Multiscale Fluid-Solid Interaction in Heterogeneous Materials and Interfaces
Funding:EU FP7 People - Marie Curie Actions: Career Integration Grant
Project Duration:Start Date: October 1st, 2012
Completion Date: October 1st, 2016
Summary:Fluid-solid interaction (FSI) governs nature. From soft tissue modeling to lubrication technology, FSI problems in biomechanics and engineering are a major challenge in computational science. This challenge is further intensified by the multiscale structure of materials and interfaces as well as by the finite configurational change (FCC) that a microstructure experiences under large deformations. The goal of this research is to investigate novel computational strategies for the modeling and analysis of multiscale FSI in heterogeneous materials and interfaces with FCC on all scales and homogenization as the core scale-transition technique.
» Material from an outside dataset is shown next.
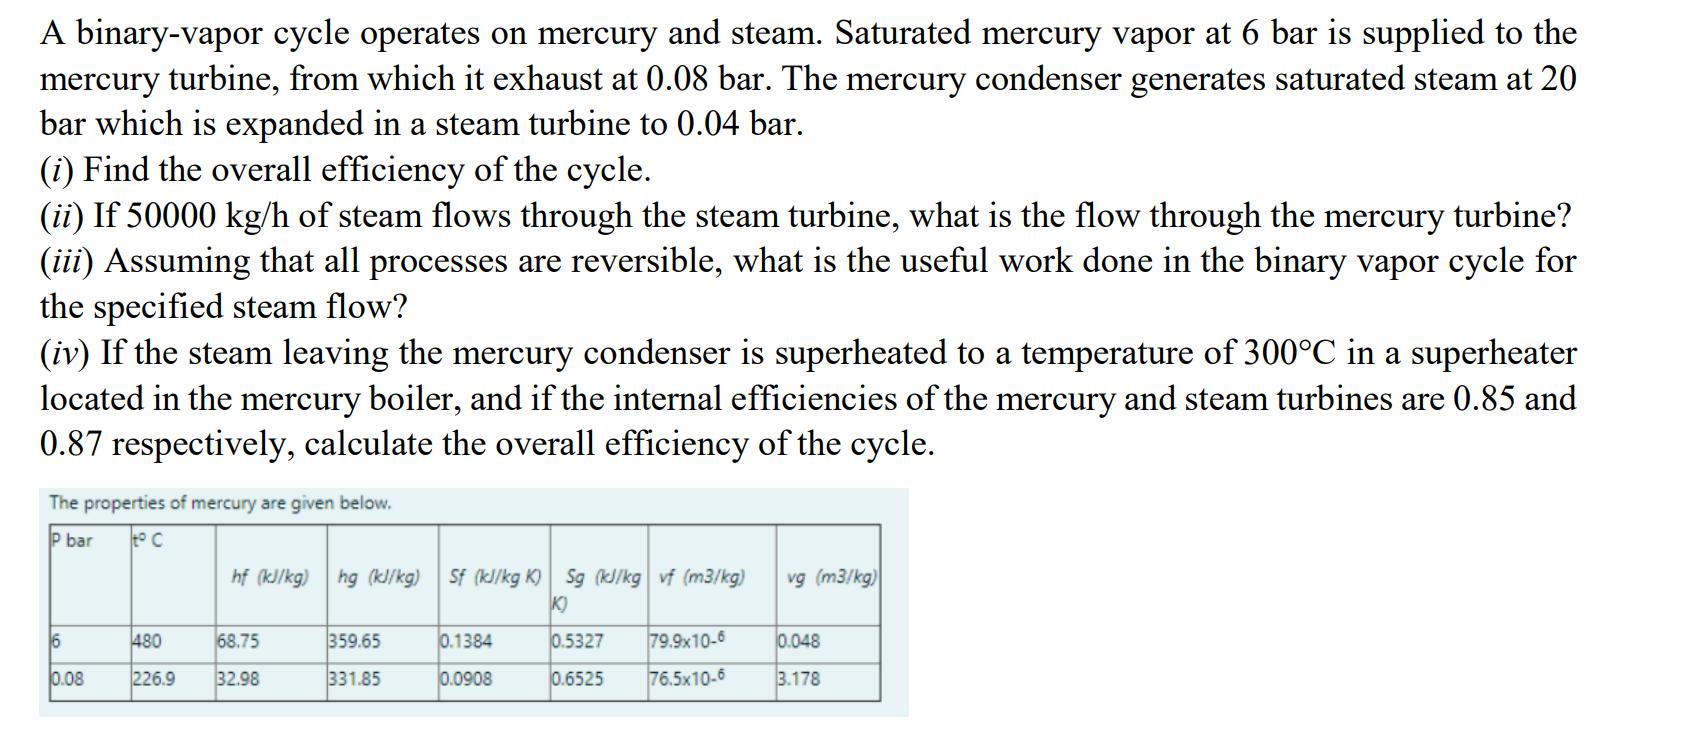 A binary-vapor cycle operates on mercury and steam. Saturated mercury vapor at 6 bar is supplied to the

The examples that will motivate and guide this research are potential biological and industrial applications of the novel computational framework: (1) soft porous materials such as the articular cartilage that functions together with pore-level fluids in order to provide mechanical support, and (2) textured interfaces in bearings and polymeric seals that deliver improved tribological performance for rotating machinery.
The work that has been reported in the publication(s) listed below was (partially) funded by this project.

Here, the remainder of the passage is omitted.